* [Entries supplied]
•••••

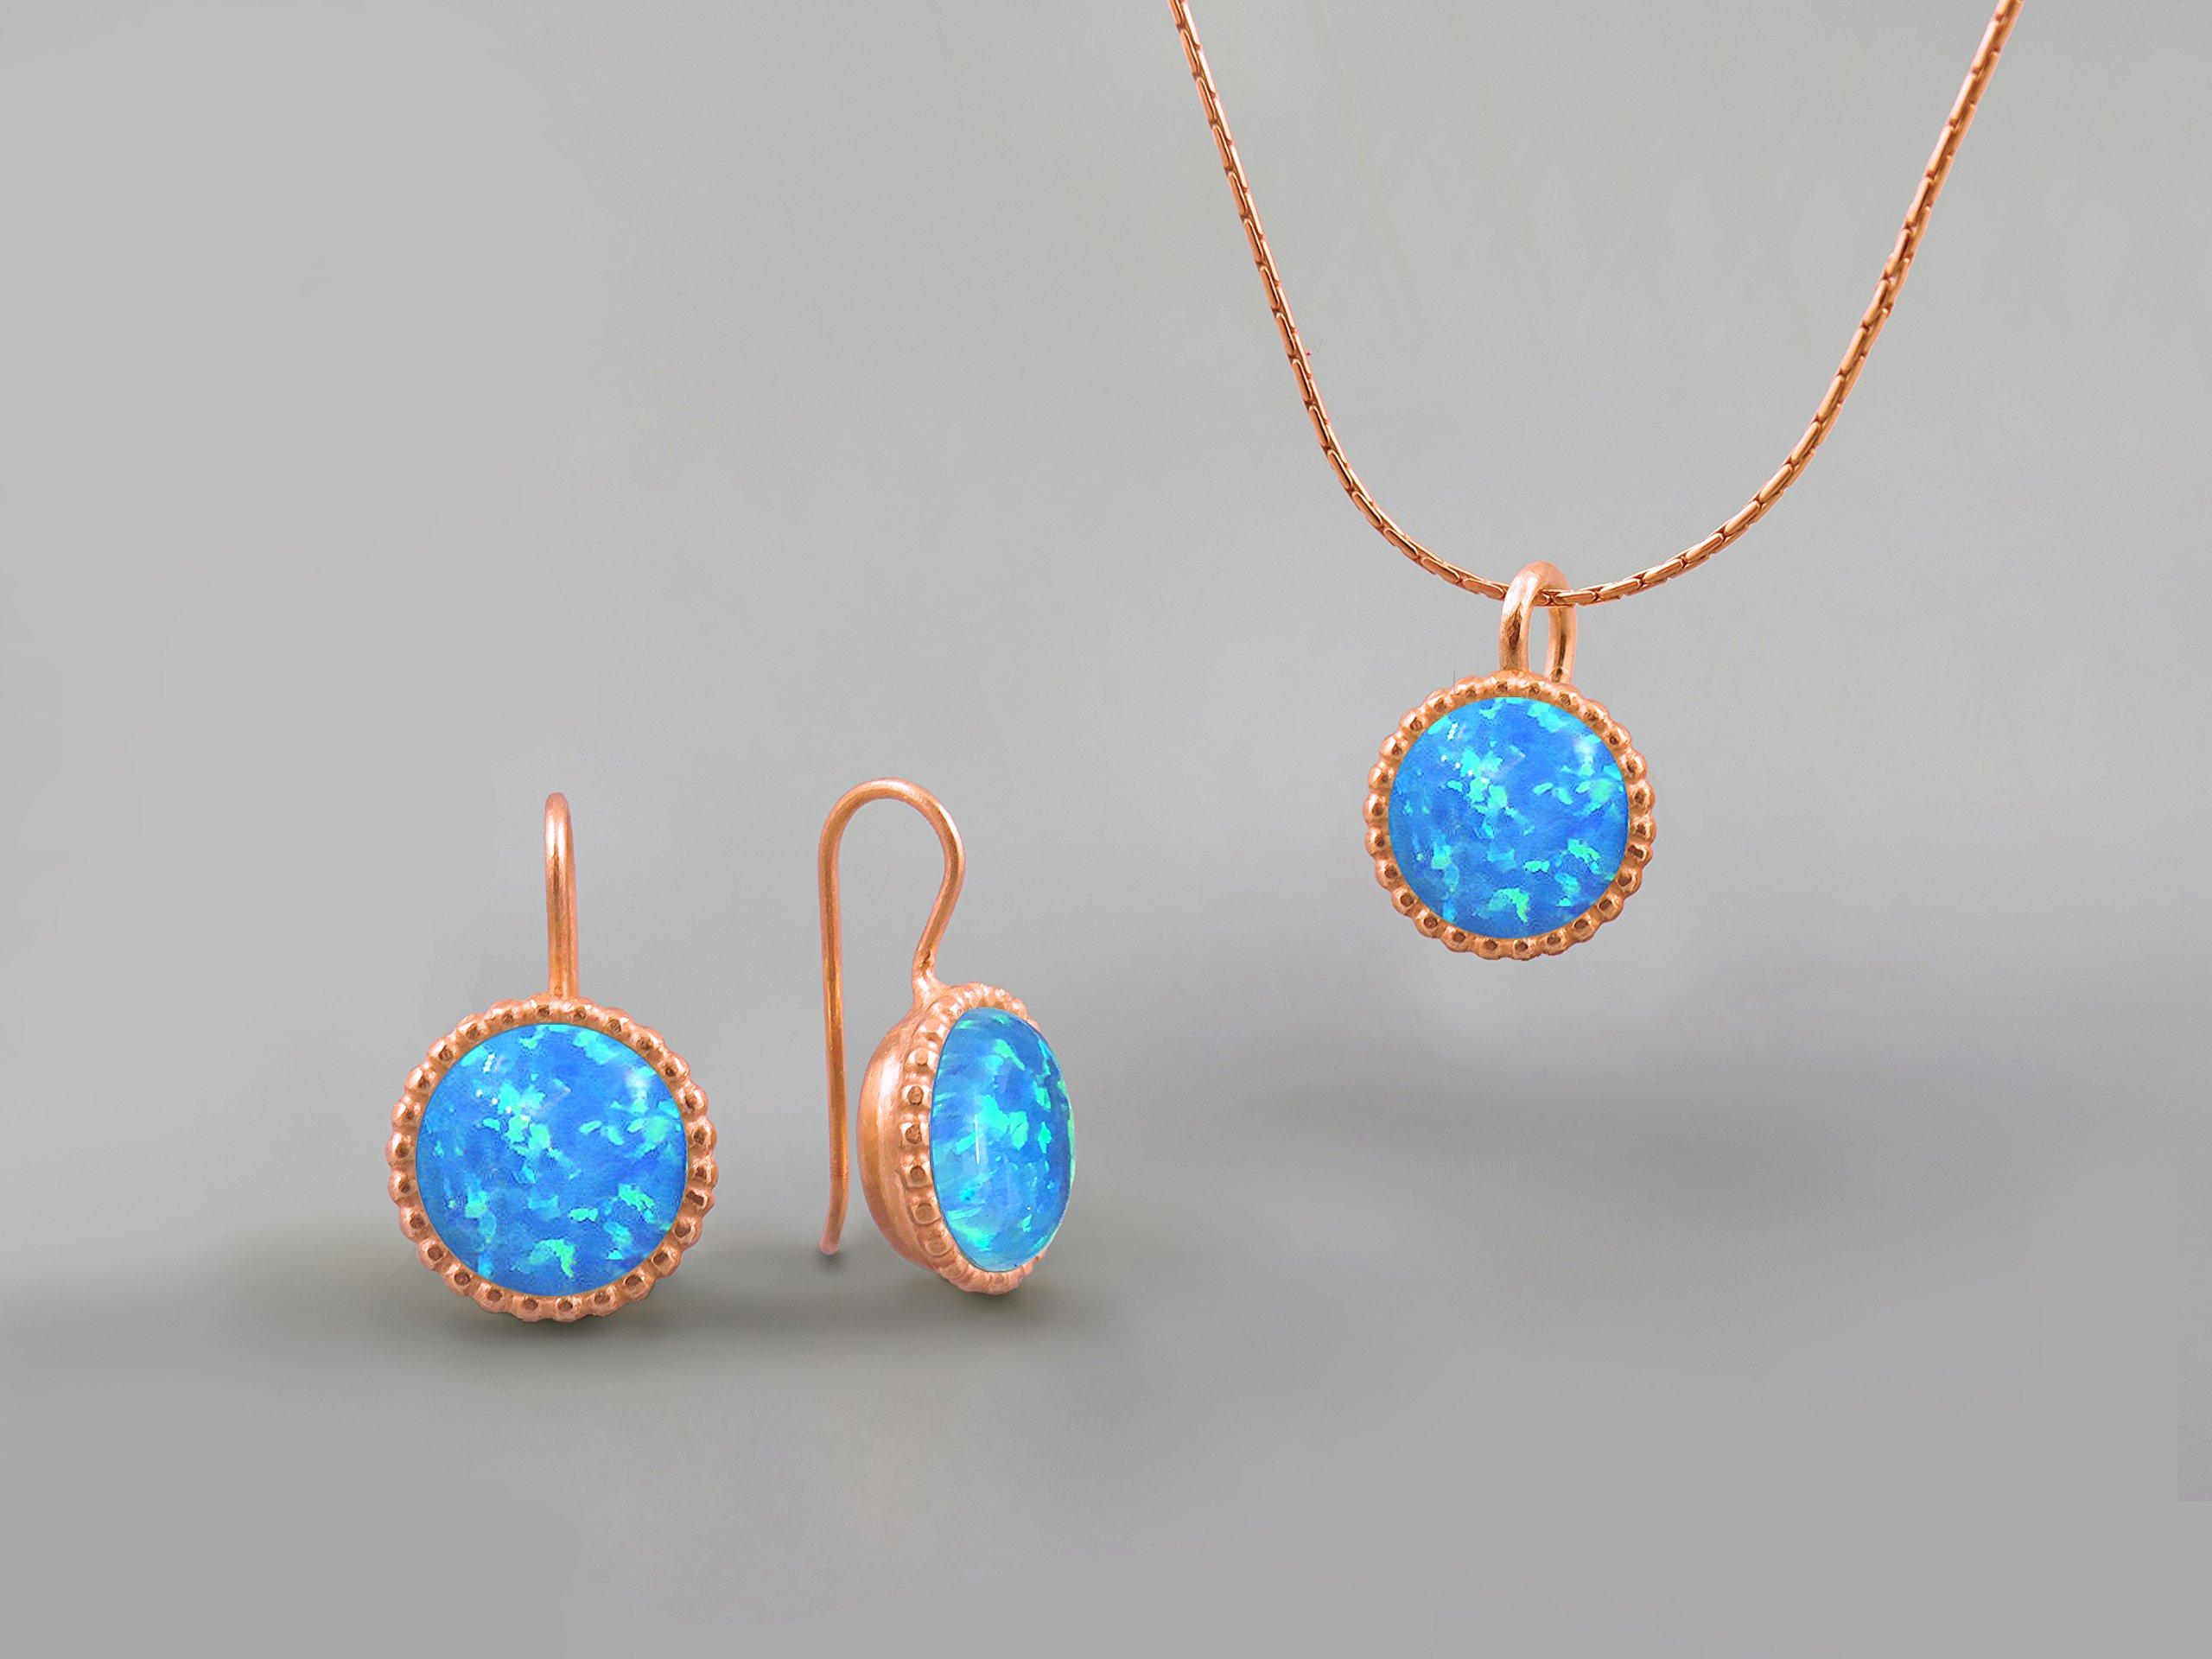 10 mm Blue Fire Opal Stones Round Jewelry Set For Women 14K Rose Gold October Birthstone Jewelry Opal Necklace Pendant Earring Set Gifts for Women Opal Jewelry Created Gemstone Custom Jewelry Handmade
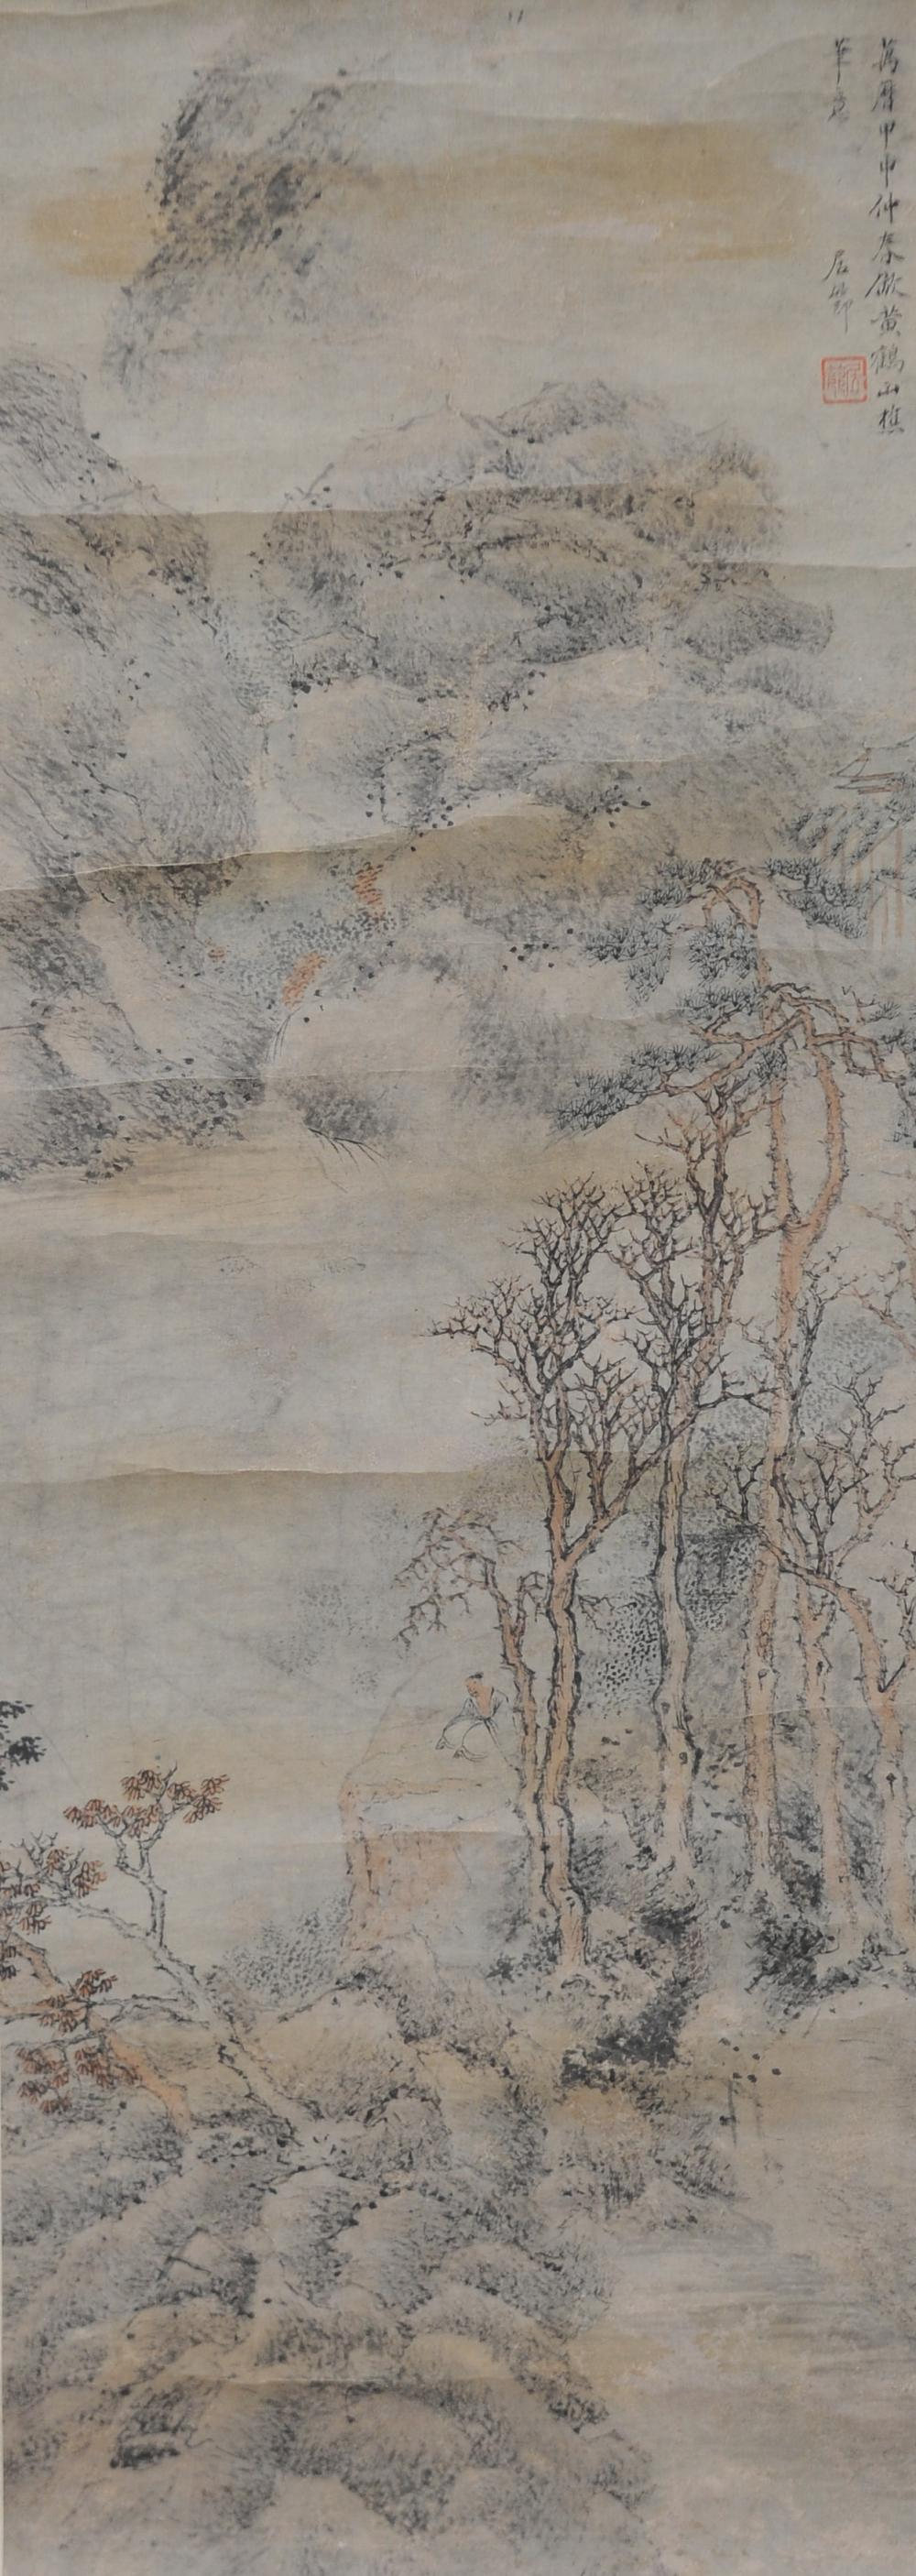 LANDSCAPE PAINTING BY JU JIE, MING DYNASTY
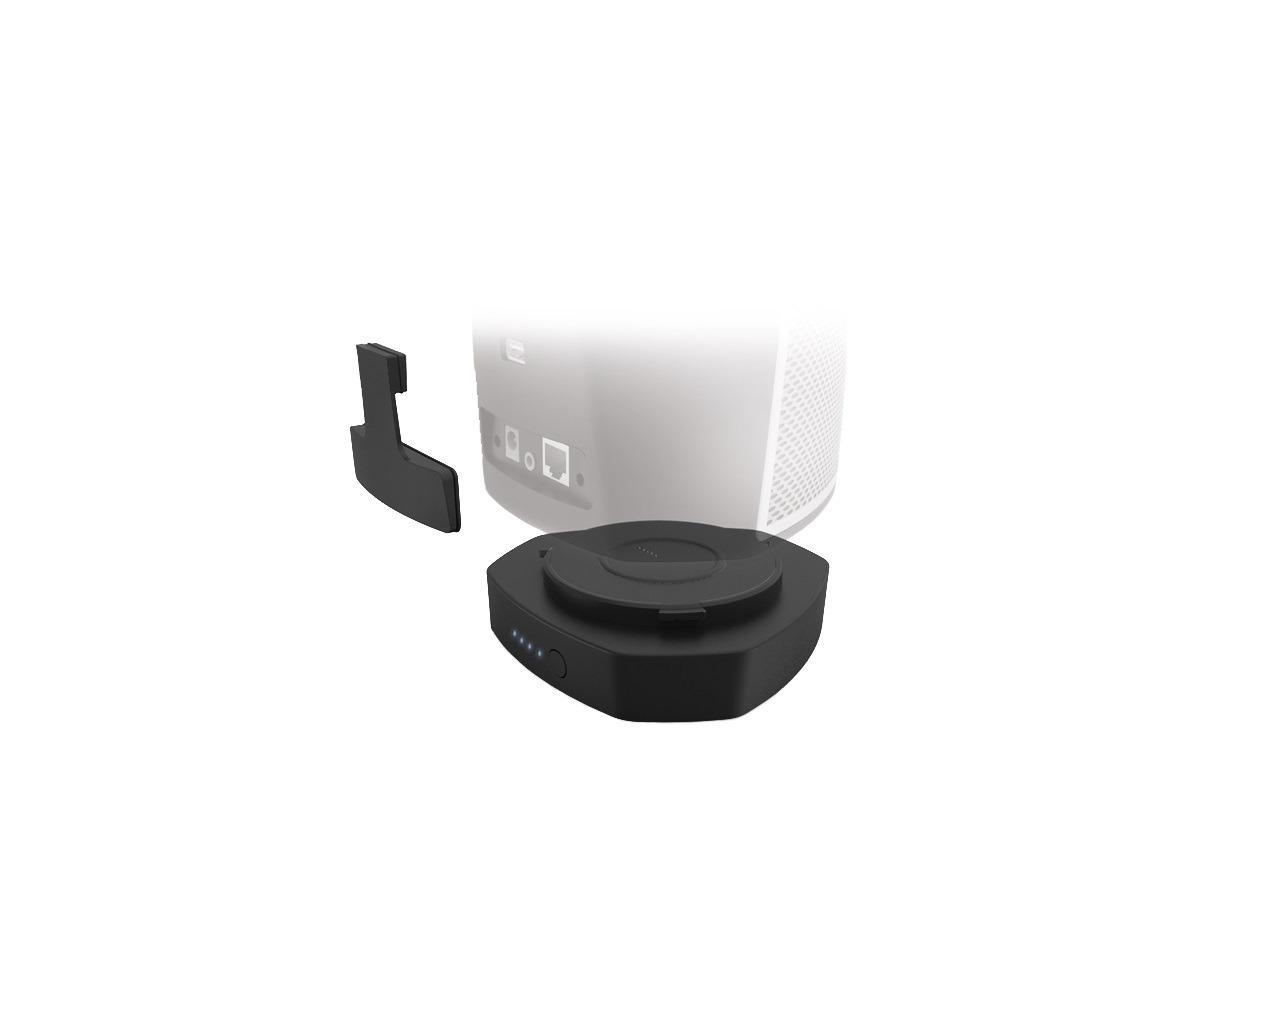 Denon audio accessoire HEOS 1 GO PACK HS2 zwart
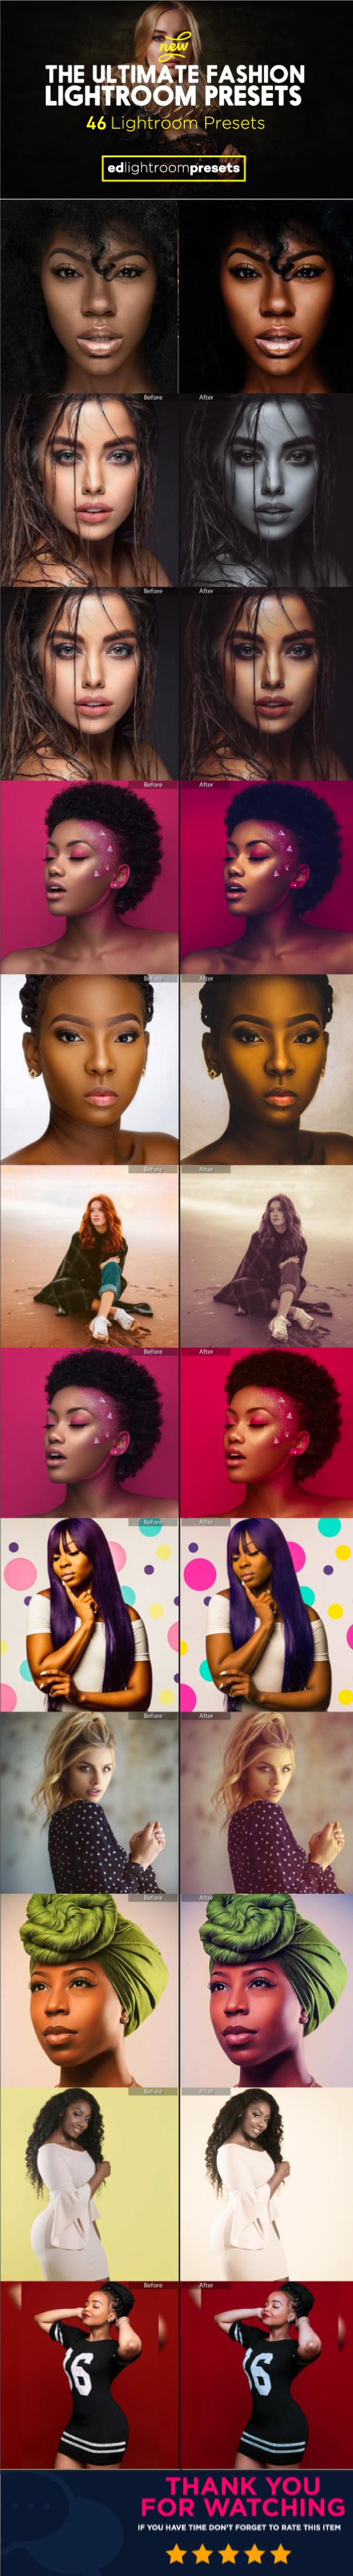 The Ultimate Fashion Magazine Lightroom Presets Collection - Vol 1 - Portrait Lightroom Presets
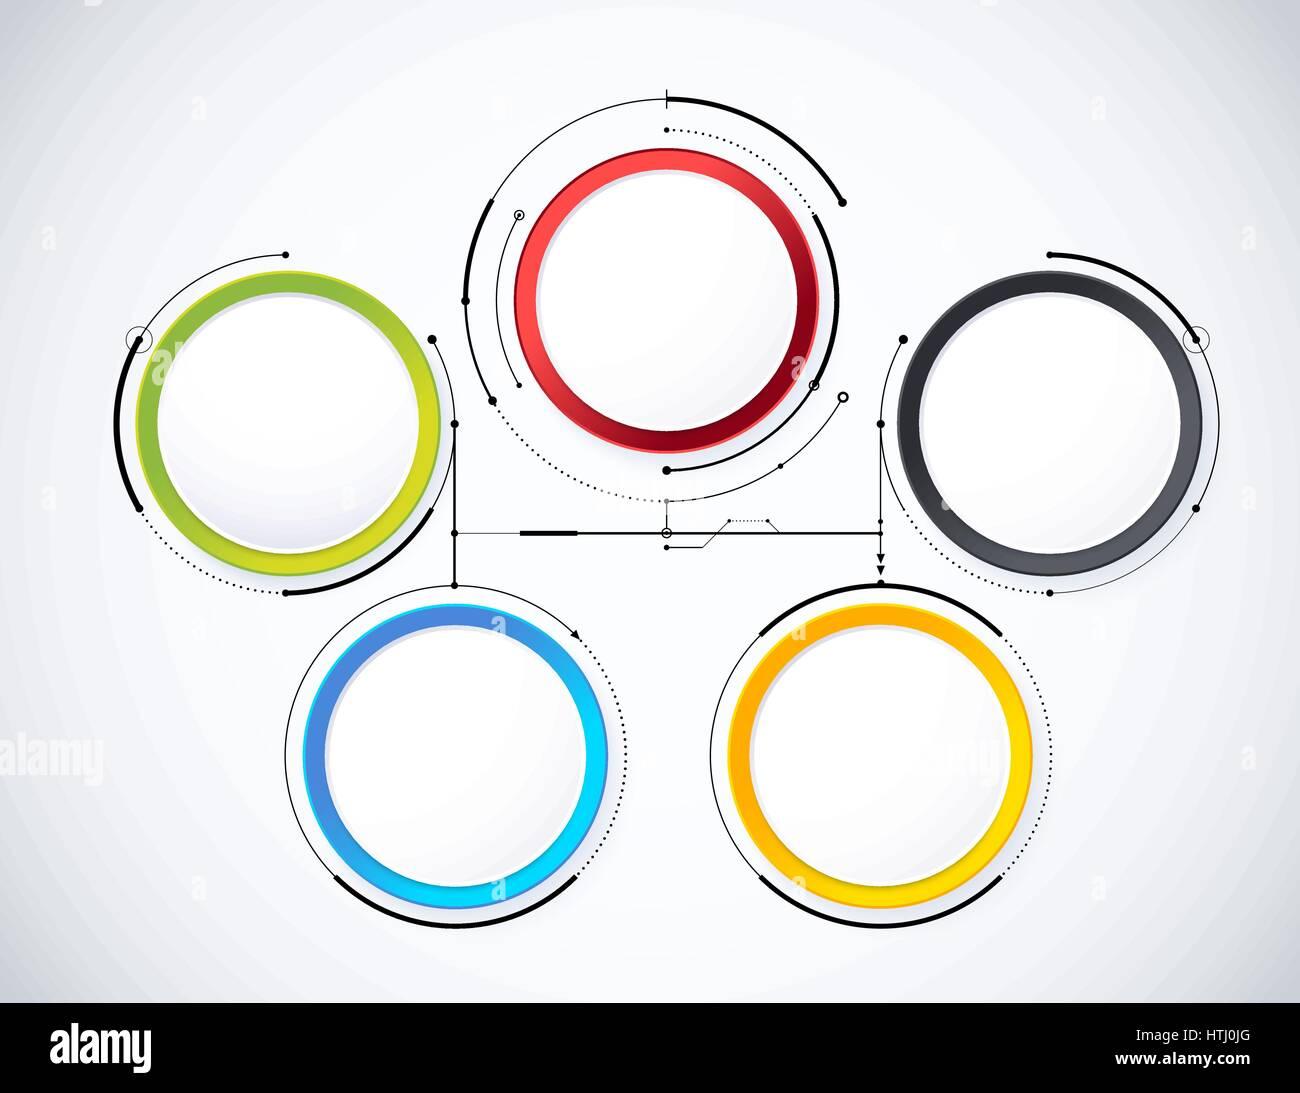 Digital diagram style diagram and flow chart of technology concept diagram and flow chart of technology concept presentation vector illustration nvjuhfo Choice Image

•••••

* [How to complete this task]
Write out the material exactly as it stands, omitting every picture.

* [Solution to the exercise]
 10 mm Blue Fire Opal Stones Round Jewelry Set For Women 14K Rose Gold October Birthstone Jewelry Opal Necklace Pendant Earring Set Gifts for Women Opal Jewelry Created Gemstone Custom Jewelry Handmade
 LANDSCAPE PAINTING BY JU JIE, MING DYNASTY
 Denon audio accessoire HEOS 1 GO PACK HS2 zwart
 The Ultimate Fashion Magazine Lightroom Presets Collection - Vol 1 - Portrait Lightroom Presets
 Digital diagram style diagram and flow chart of technology concept diagram and flow chart of technology concept presentation vector illustration nvjuhfo Choice Image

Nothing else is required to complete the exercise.